Flat Of NAGLs (sleeve), Thursday, 15 March 2012 20:10 (fourteen years ago)

Anastasia Screamed

Feebs K-Tel (NickB), Thursday, 15 March 2012 20:10 (fourteen years ago)

Dead Horse were a fucking awesome live band, the're overlooked?

JacobSanders, Thursday, 15 March 2012 20:11 (fourteen years ago)

Cherubs were a cool band

grandavis, Thursday, 15 March 2012 20:12 (fourteen years ago)

speaking of noisy/heavy texas psyche on trance syndicate, THE CHERUBS. never loved the band, but this song, "CARJACK FAIRY" is another of my alltime 90s favorites. absolutely pulverizing, but in the hypnotic, mush-brained way i love best:

https://www.youtube.com/watch?v=n8TqL1SMPyA

"i can't steal this car alone..."

recently covered by red fang, and so maybe due for a reappraisal?

Fozzy Osbourne (contenderizer), Thursday, 15 March 2012 20:14 (fourteen years ago)

xp grandavis

Fozzy Osbourne (contenderizer), Thursday, 15 March 2012 20:15 (fourteen years ago)

Freedom Fighters - My Scientist Friends

super raging but yet poppy at the same time noise punk....they were from Mpls were actually on AmRep right at the time that everyone stopped caring about AmRep, love that band and it's much harder to find/more obscure spinoff Capital! Capital!

both HIGHLY recommended

konybrony (upper mississippi sh@kedown), Thursday, 15 March 2012 20:17 (fourteen years ago)

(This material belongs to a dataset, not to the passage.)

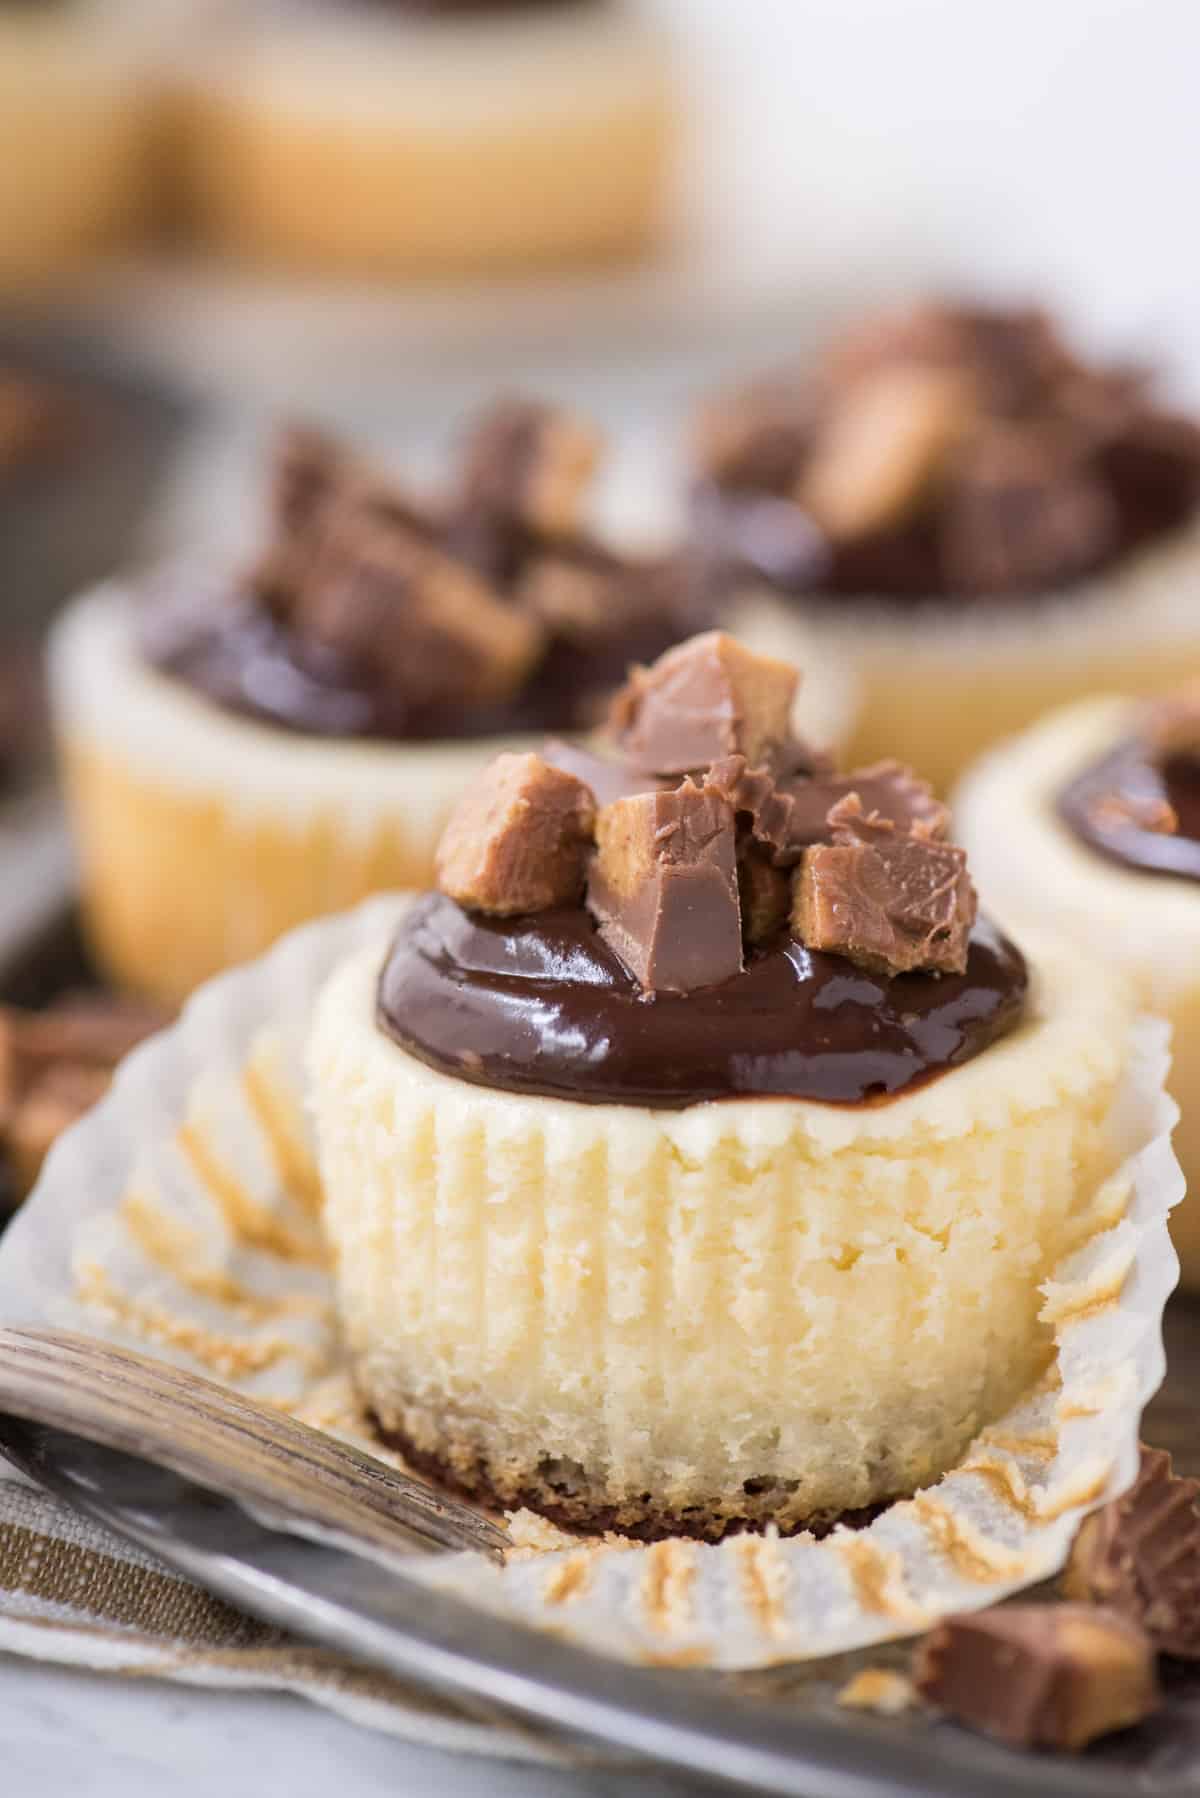 mini cheesecake topped with chocolate ganache and reese’s peanut butter cup pieces

Just listened to Dead Horse on youtube, maybe they should be forgotten

JacobSanders, Thursday, 15 March 2012 20:20 (fourteen years ago)

Yeah, good Cherubs song above. Can't even remember the names of the songs I like, just one of those bands I would play on radio shows in the 90s. That Pain Teens clip above reminded me that they existed!

grandavis, Thursday, 15 March 2012 20:29 (fourteen years ago)

Speaking of AmRep, here's a track from one-hit-wonder Manchester, UK outfit The Powers That Be, released as a picture-disc single as part of the label's loss-leader "Research and Development Series". Love this song to death, though it's arguably kind of goofy/affected. As far as I know, the band never released anything else, save a compilation track that i've never heard. IT'S A CRUDE SOUND:

Fozzy Osbourne (contenderizer), Thursday, 15 March 2012 20:35 (fourteen years ago)

https://www.youtube.com/watch?v=3A8G-Z2n9cg

Fozzy Osbourne (contenderizer), Thursday, 15 March 2012 20:35 (fourteen years ago)

^ remarkably shitty sound. not sure what i did wrong, but i ripped it years ago when i was just beginning to understand life.

Fozzy Osbourne (contenderizer), Thursday, 15 March 2012 20:37 (fourteen years ago)

I <3 Dead Horse. Horsecore!

The Eyeball Of Hull (Colonel Poo), Thursday, 15 March 2012 20:38 (fourteen years ago)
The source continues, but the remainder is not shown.